A perfect example of the developments that could potentially result in the commodity being undervalued currently is the latest data provided by industry organization the World Gold Council, which indicates that in the most recent quarter, global demand for bullion plunged 21 percent, according to the media outlet.

It is also important for those who want to make money by trading the metal to know that it is currently on track to record its first annual loss in more than a decade. The precious metal managed to rise in value every year until this one.

 

Yellen and QE

One major factor that has been cited repeatedly as having an influence on global asset prices is QE, and the recent statements made by Yellen support theĀ idea that if she is confirmed as Fed chief, she will continue to harness these bond purchases to stimulate lackluster economic growth, according to Bloomberg. During recent testimony she provided to the Senate Banking Committee, she stated that she is not particularly concerned about a bubble existing in securities.
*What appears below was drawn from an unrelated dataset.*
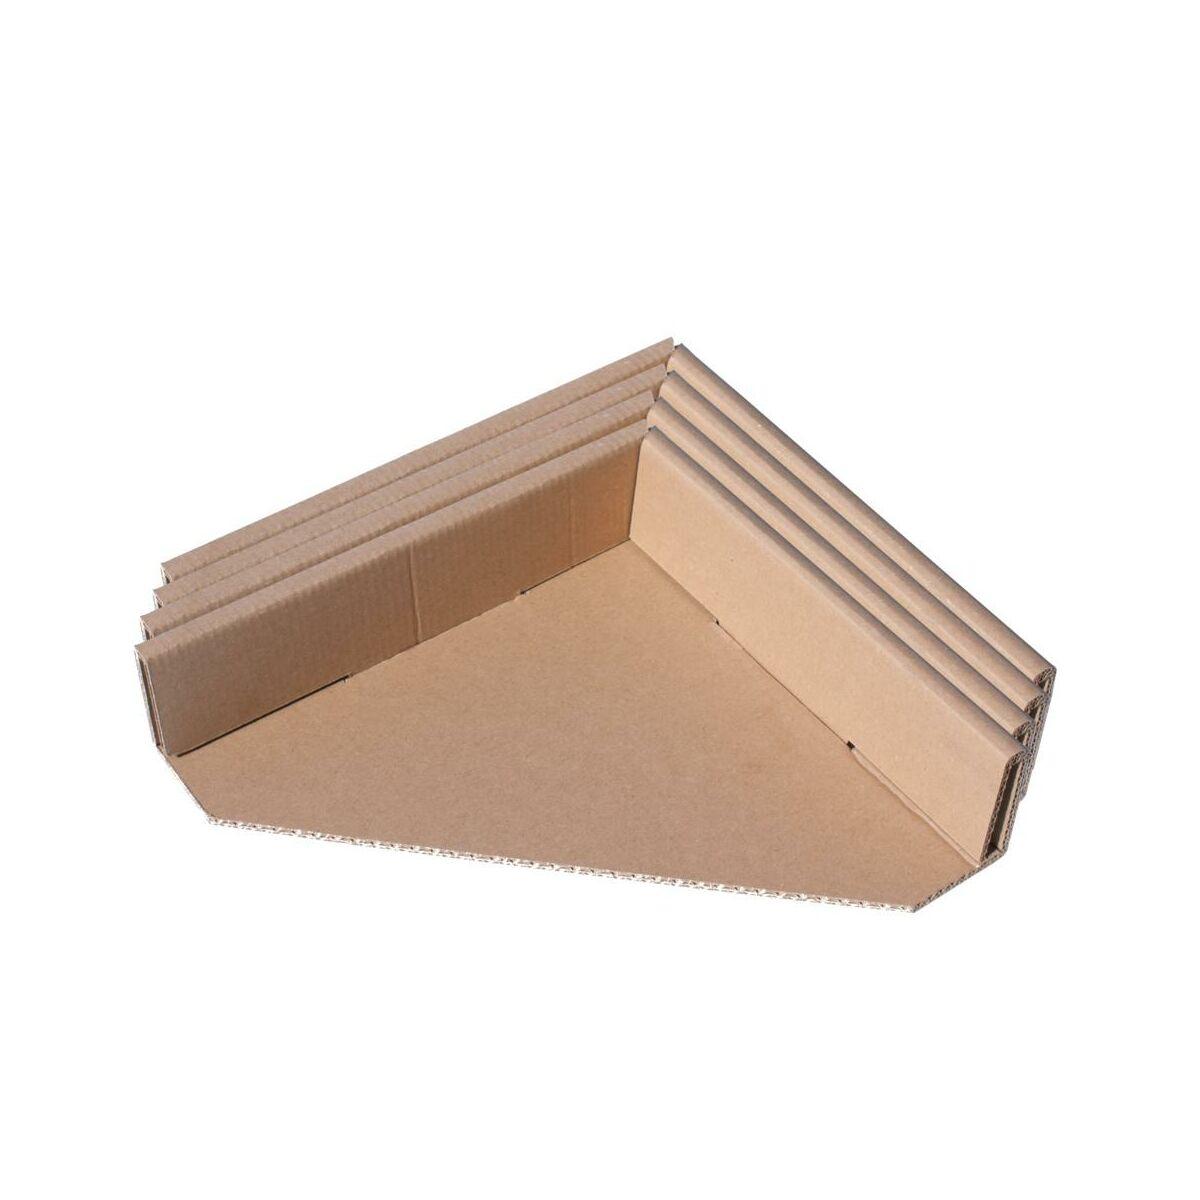 Pudelko Kartonowe Spaceo Produkty Do Przeprowadzki W Atrakcyjnej Cenie W Sklepach Leroy Merlin

“I don’t see evidence at this point, in major sectors of asset prices, misalignments,” she stated during the hearing, the media outlet reported. “Although there is limited evidence of reach for yield, we don’t see a broad buildup in leverage, where the development of risks that I think at this stage poses a risk to financial stability.”

She emphasized at the event that she would like to address the high unemployment that exists currently by harnessing bond purchases to help accelerate the economic recovery, according to the news source. Yellen made an effort to alleviate the concerns of those who are worried that the value of many different assets have risen to bubble levels.

At the hearing, the vice chair of the Fed stated that both the job market and the U.S. economy are currently in a situation that is “far short of their potential” and that before policymakers consider reducing bond purchases, these key indicators need to be improved, Bloomberg reported. Her statements led Nic Brown, head of commodities research at London-based Natixis SA, to speculate that Ben Bernanke will probably not announce any changes to QE at the next policy meeting.

“It’s unlikely that Bernanke will do anything at his last meeting if he perceives that his successor would prefer to leave policy unchanged,” Brown told the news source. “The dollar may drop back, too. This is all potentially positive for gold prices in the very short term.”

These combined variables, which will likely contribute to the precious metal appreciating, could be very beneficial to those who want to make money by trading gold.